According to the findings, which were published in Kidney International Reports, a thrice-weekly dose of 360 mcg of MK-7 for 18 months was not enough to make a significant difference in measures of coronary artery calcification (CAC) in 138 patients, despite the fact that a vitamin K-dependent increase in activated MGP has reduced CAC in healthy populations in other research.
The single-center, prospective, open-label interventional trial was consistent with three smaller studies evaluating the role of vitamin K2 on vascular calcification in dialysis patients.
It may be possible that a higher dose of vitamin K2 could provide significant differences, however, many other factors might contribute to the initiation and progression of vascular calcification via mechanisms that vitamin K doesn’t influence.
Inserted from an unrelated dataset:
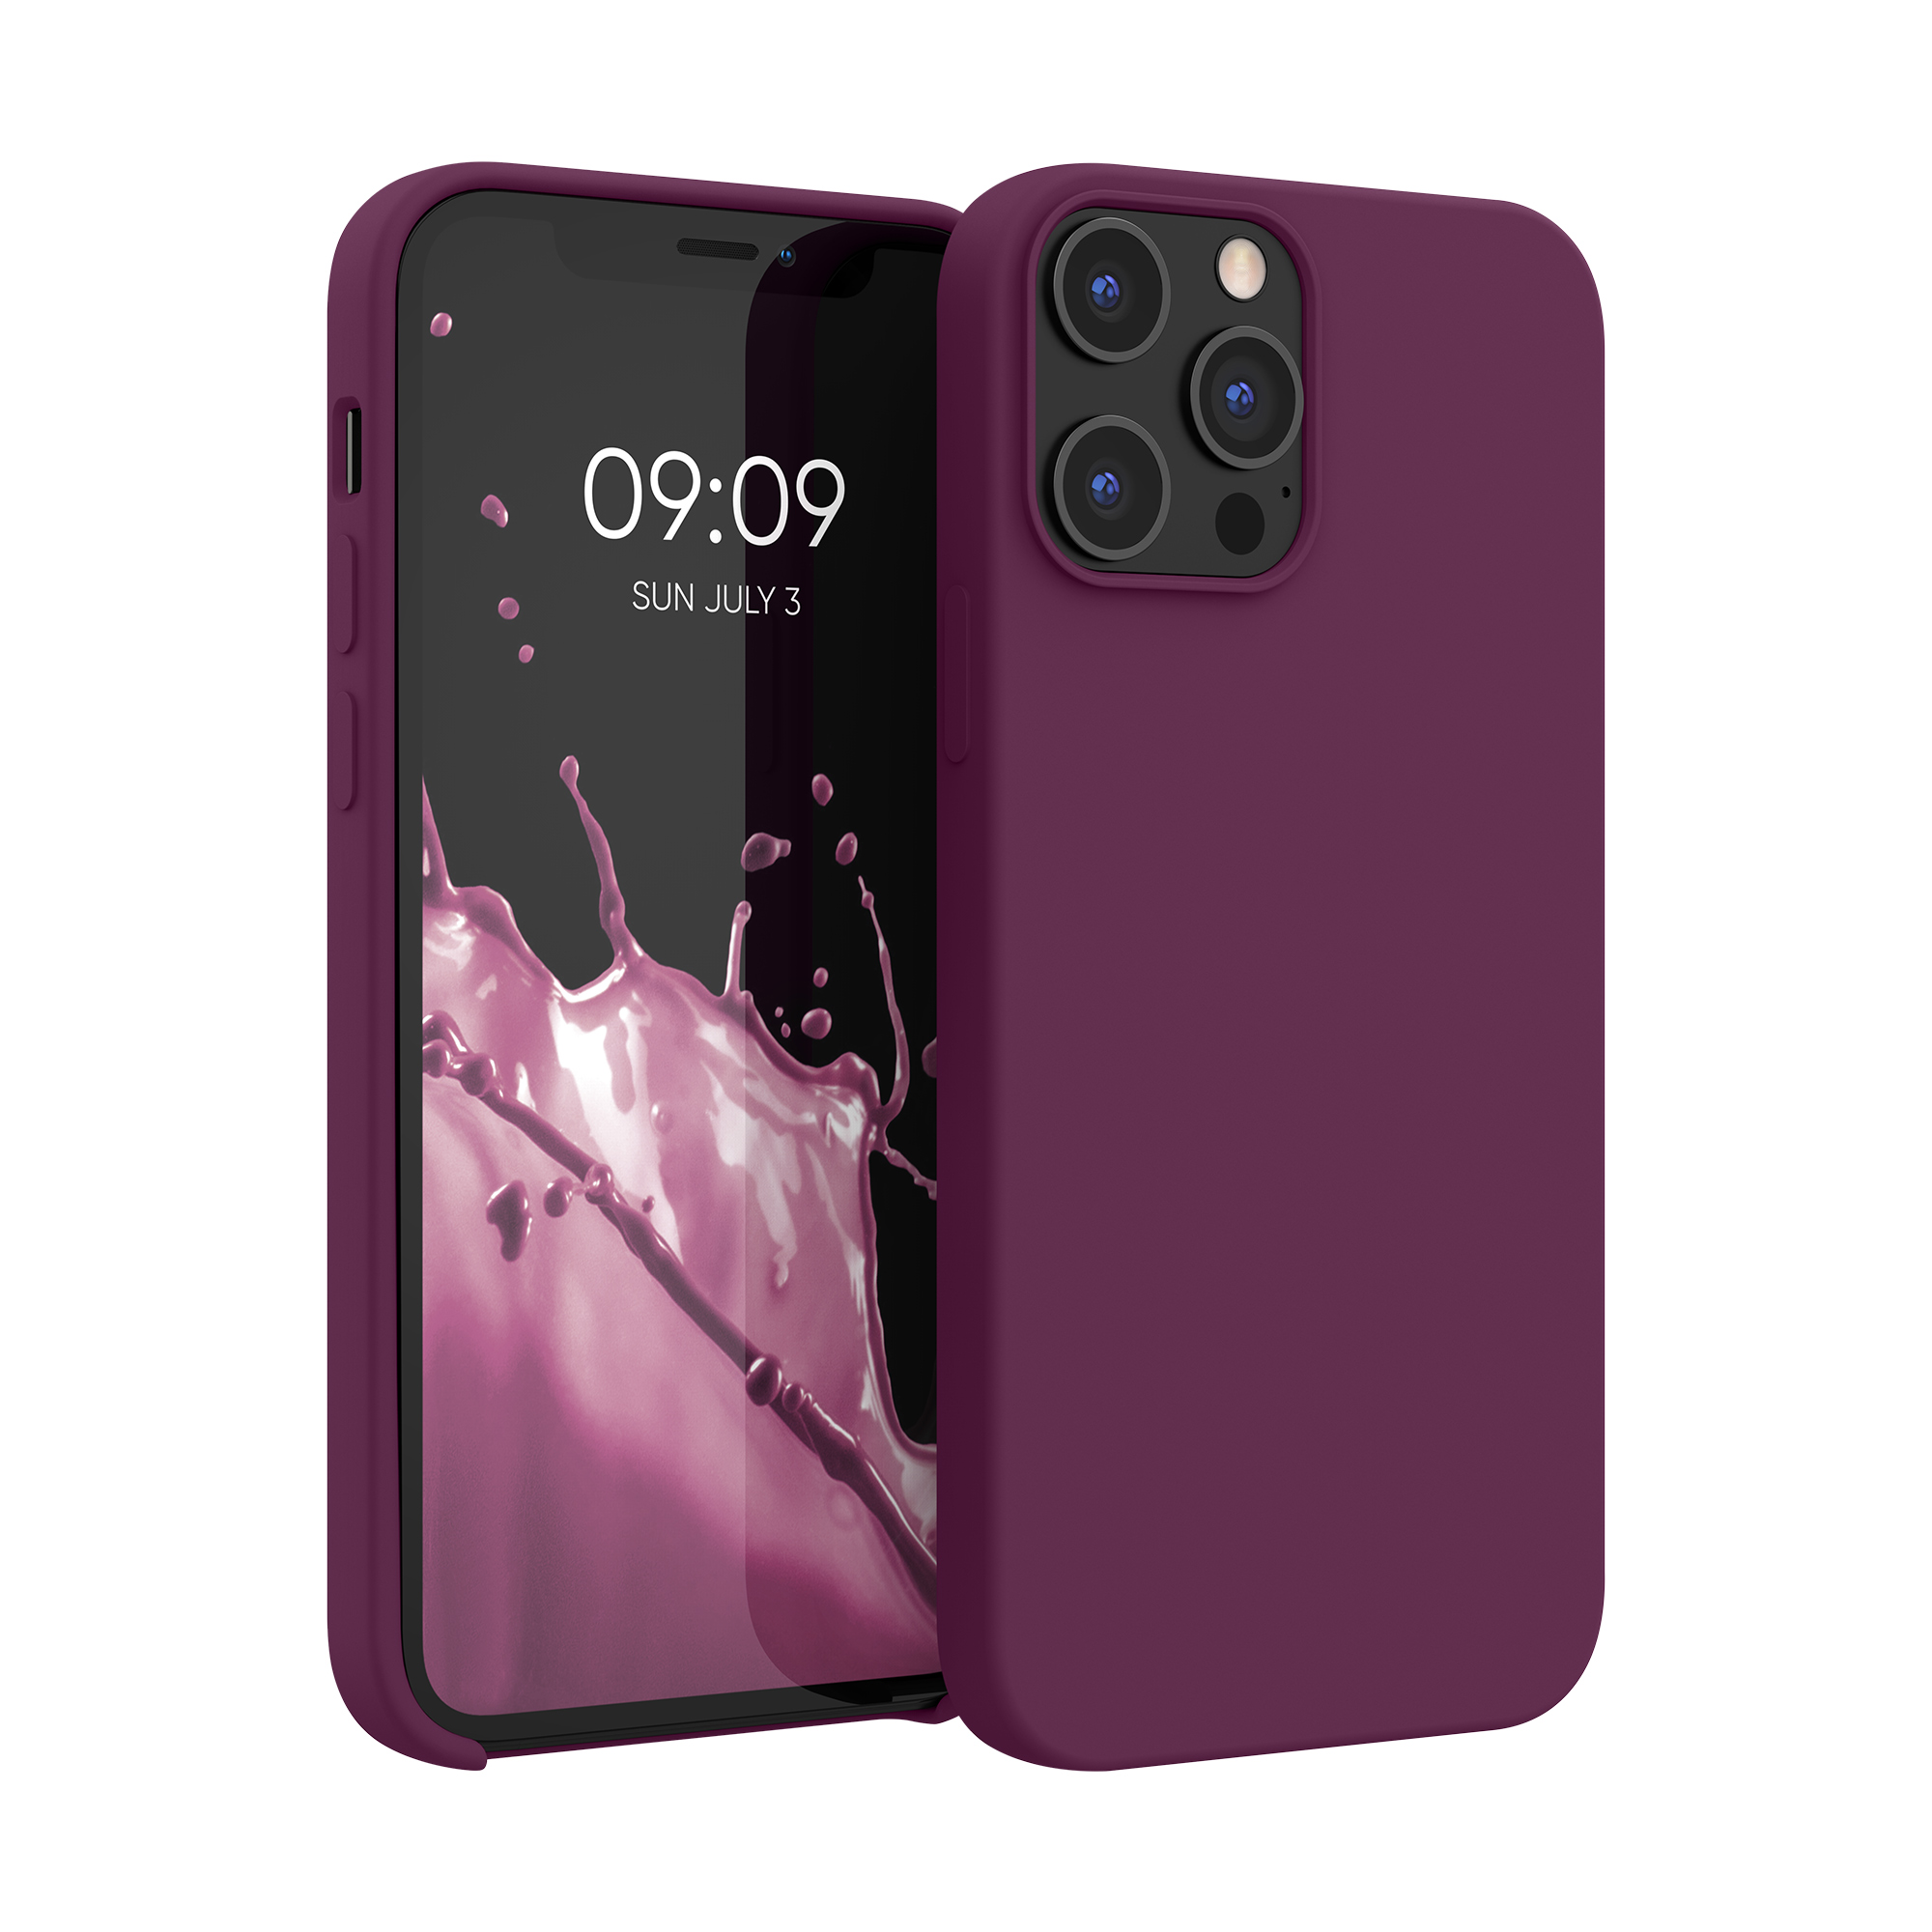 Kvalitní silikonové TPU pouzdro pro Apple iPhone 12 Pro Max - Bordeaux Violet

“This study found that vitamin K2 supplementation did not attenuate vascular calcification or arterial stiffness at a dose of 360 mcg three times per week, which strongly suggests that kidney patients on dialysis would need higher doses to achieve protection benefit against arterial calcification,” said Sophie Legrain-Raspaud, research and application director at Gnosis by Lesaffre.
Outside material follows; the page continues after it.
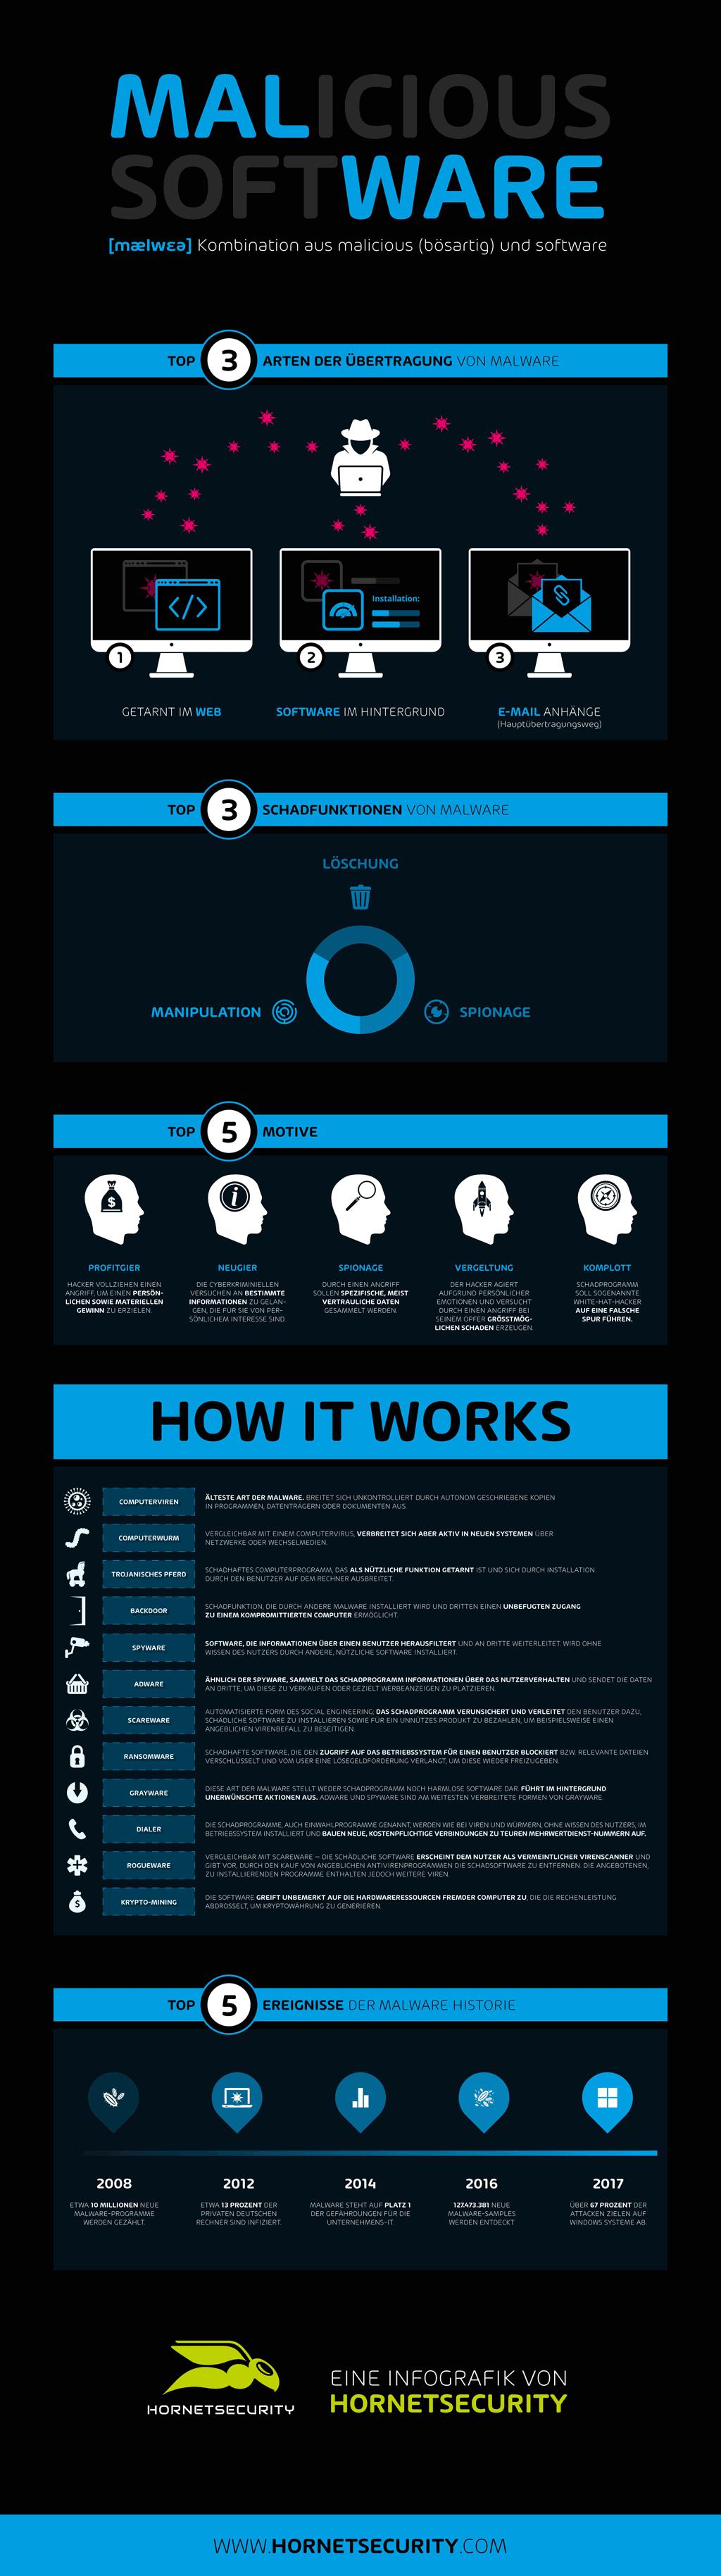 Malware Infografik

Despite the negative findings, there were some promising results in prior studies which investigated Gnosis by Lesaffre’s branded MK-7, MenaQ7. A positive result was found in a 2015 clinical trial on kidney patients, in which the treatment group saw improvements in subclinical vitamin K deficiencies and arterial stiffness. Another trial, published in 2017, found an improvement in arterial elasticity in dialysis patients following vitamin K2 treatment. Similar outcomes were also found in 2022.
“There is a clear need for the optimization of vitamin K status in kidney patients, and this study is critically important in helping to understand what doses will ultimately work to provide protective cardiovascular benefits to individuals on hemodialysis,” said Legrain-Raspaud. “In the progress of researching an ingredient, some studies will not find a conclusive benefit due to any number of reasons. This knowledge gained helps guide future trials that could yield the hypothesized results, particularly once a beneficial dose range is pinpointed.”
“While the present study findings might be characterized as ‘unsuccessful,’ it should not hinder enthusiasm to proceed forward as this is integral to a sound exploratory scientific method,” said Marc Philouze, general manager at Gnosis by Lesaffre. “Rather, the insights gained help design future trials to answer clinically highly relevant questions. The pursuit of scientific knowledge and discovery is not always so straightforward.”